**WORK ITEM**
Copy out the listing that follows exactly, dropping every picture.

**INFORMATION SUPPLIED**
Segment Open

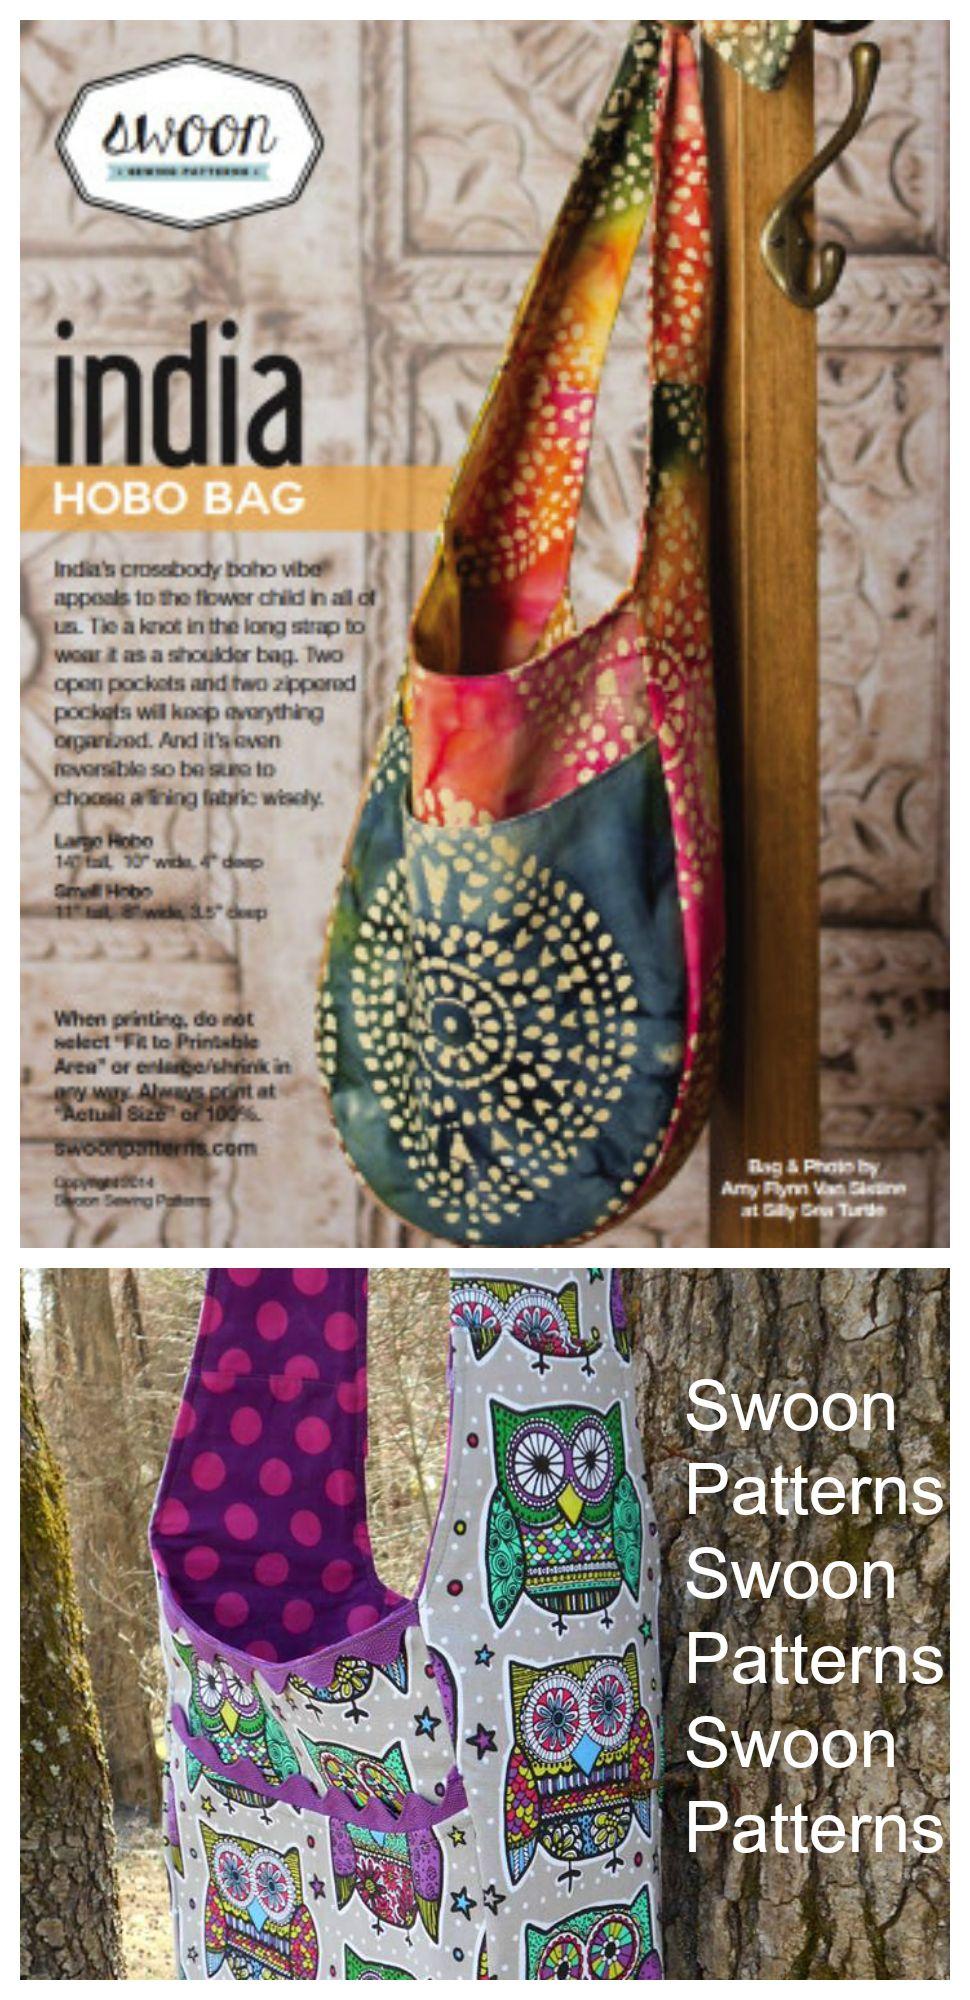 India Hobo Bag | Rucksack tasche, Rucksäcke und Nähen
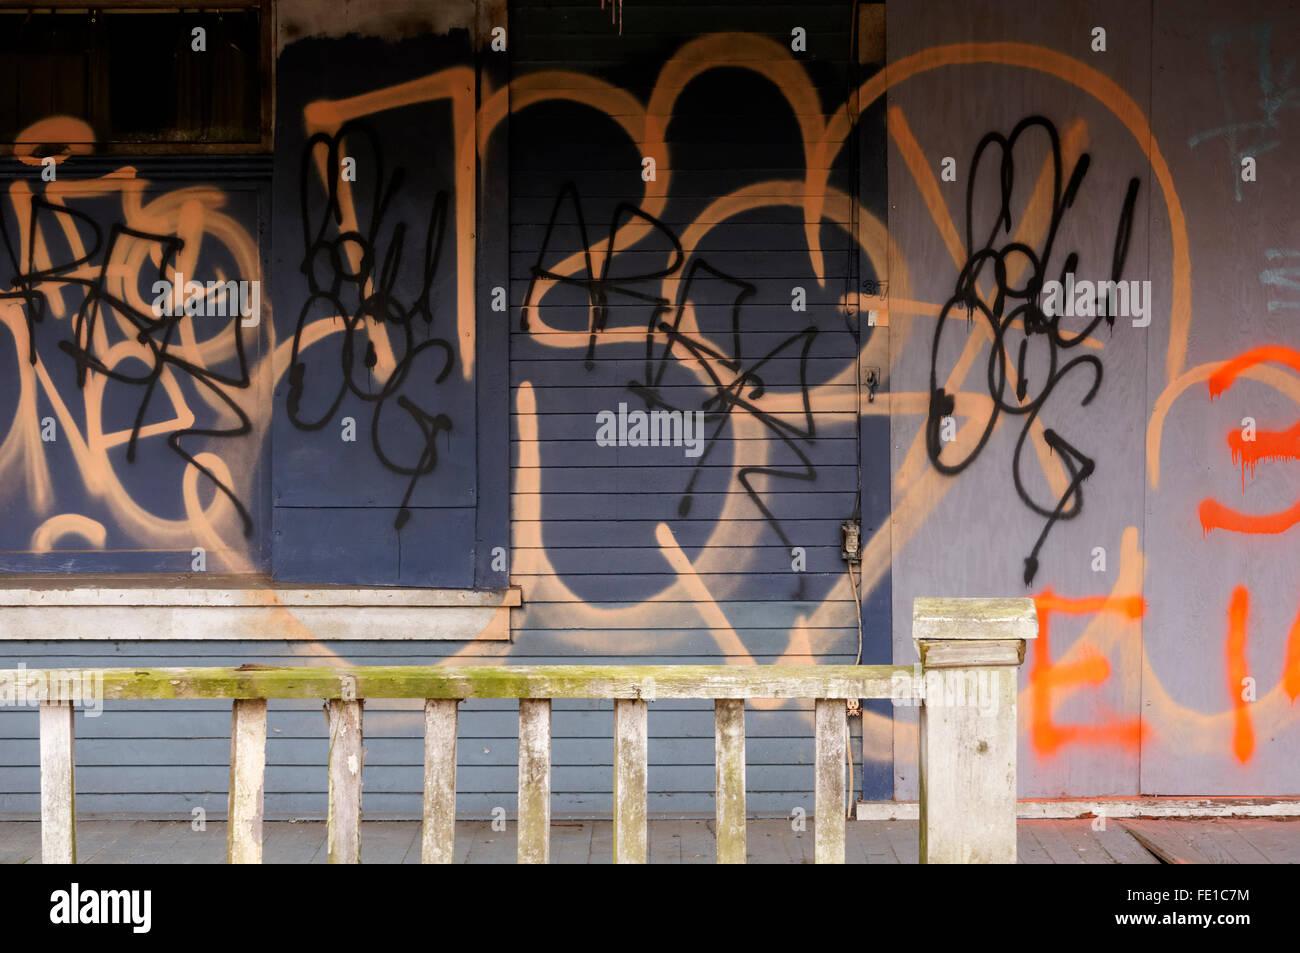 Urbano caotico i graffiti sulla facciata di una casa abbandonata a Vancouver in Canada Immagini Stock
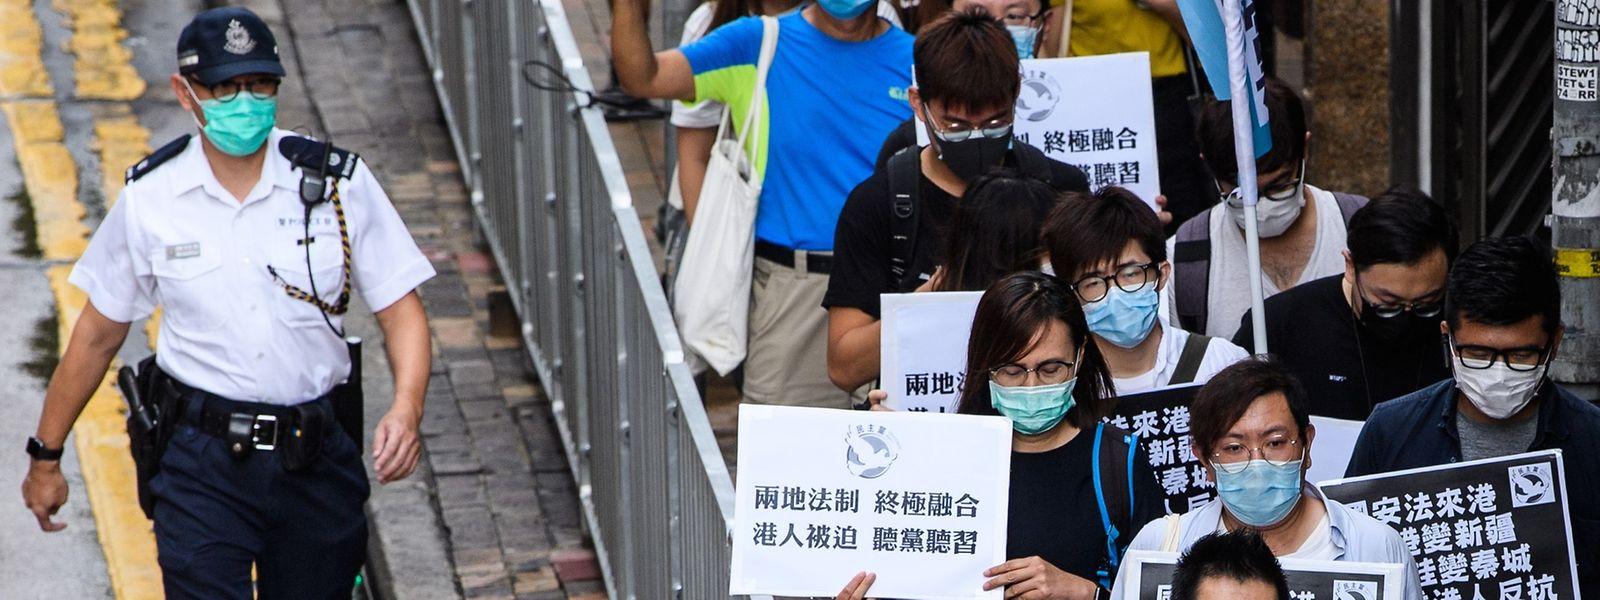 Trotz Verbot trauten sich am Freitag einige Demonstranten in Hongkong auf die Straße, um ihren Unmut über die geplante Gestzgebung zum Ausdruck zu bringen.
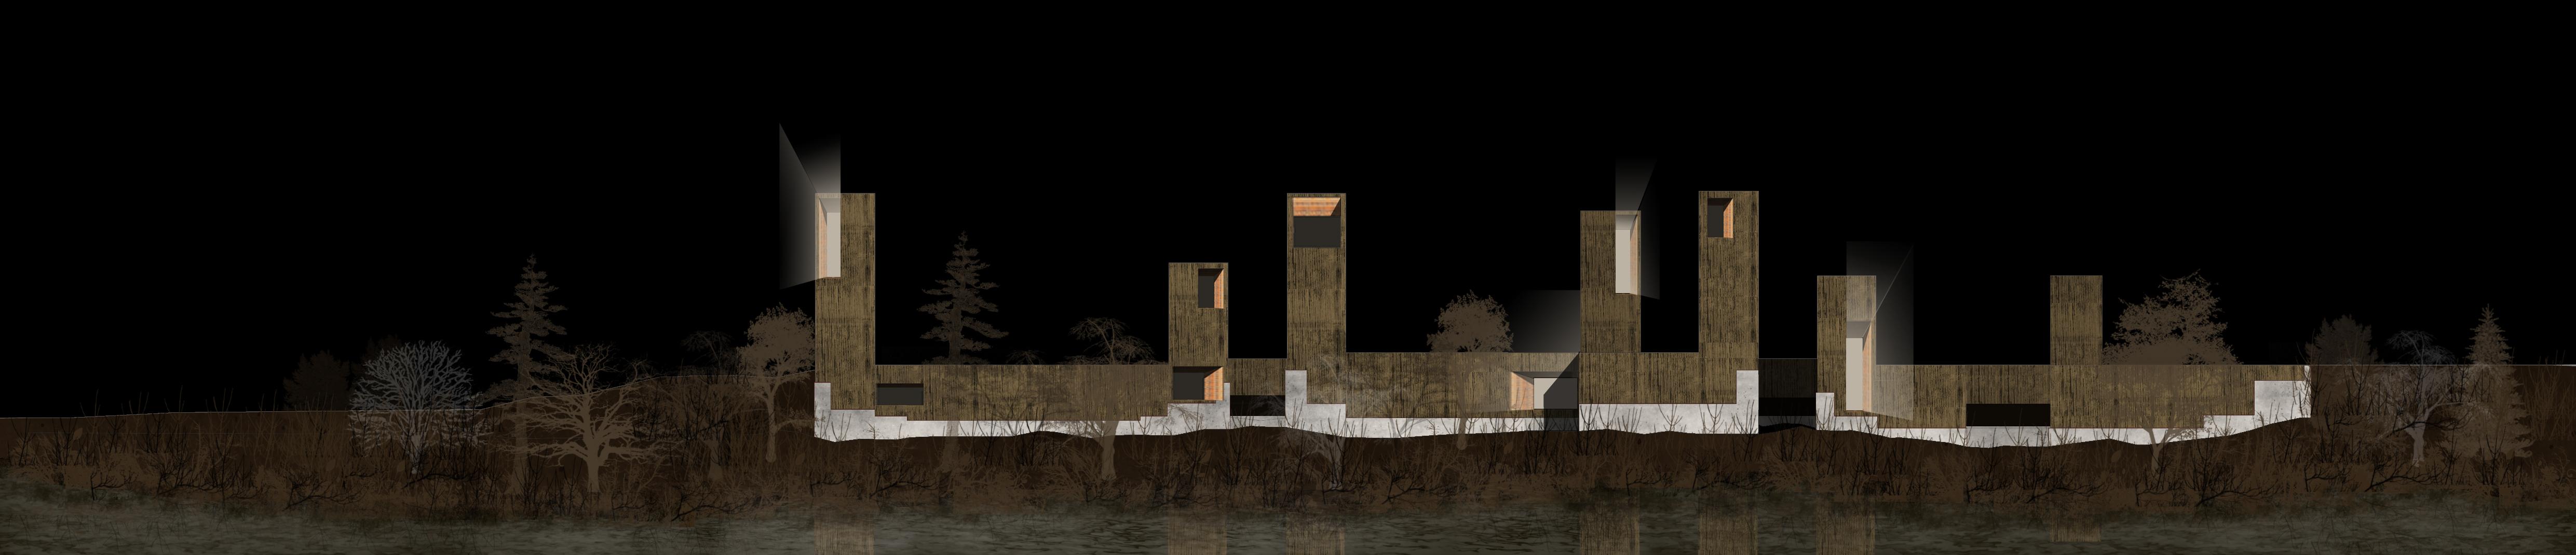 Alzado nocturno blogarq - Alzado arquitectura ...

Segment Closed

**EXPECTED OUTPUT**
 India Hobo Bag | Rucksack tasche, Rucksäcke und Nähen
 Urbano caotico i graffiti sulla facciata di una casa abbandonata a Vancouver in Canada Immagini Stock
 Trotz Verbot trauten sich am Freitag einige Demonstranten in Hongkong auf die Straße, um ihren Unmut über die geplante Gestzgebung zum Ausdruck zu bringen.
 Alzado nocturno blogarq - Alzado arquitectura ...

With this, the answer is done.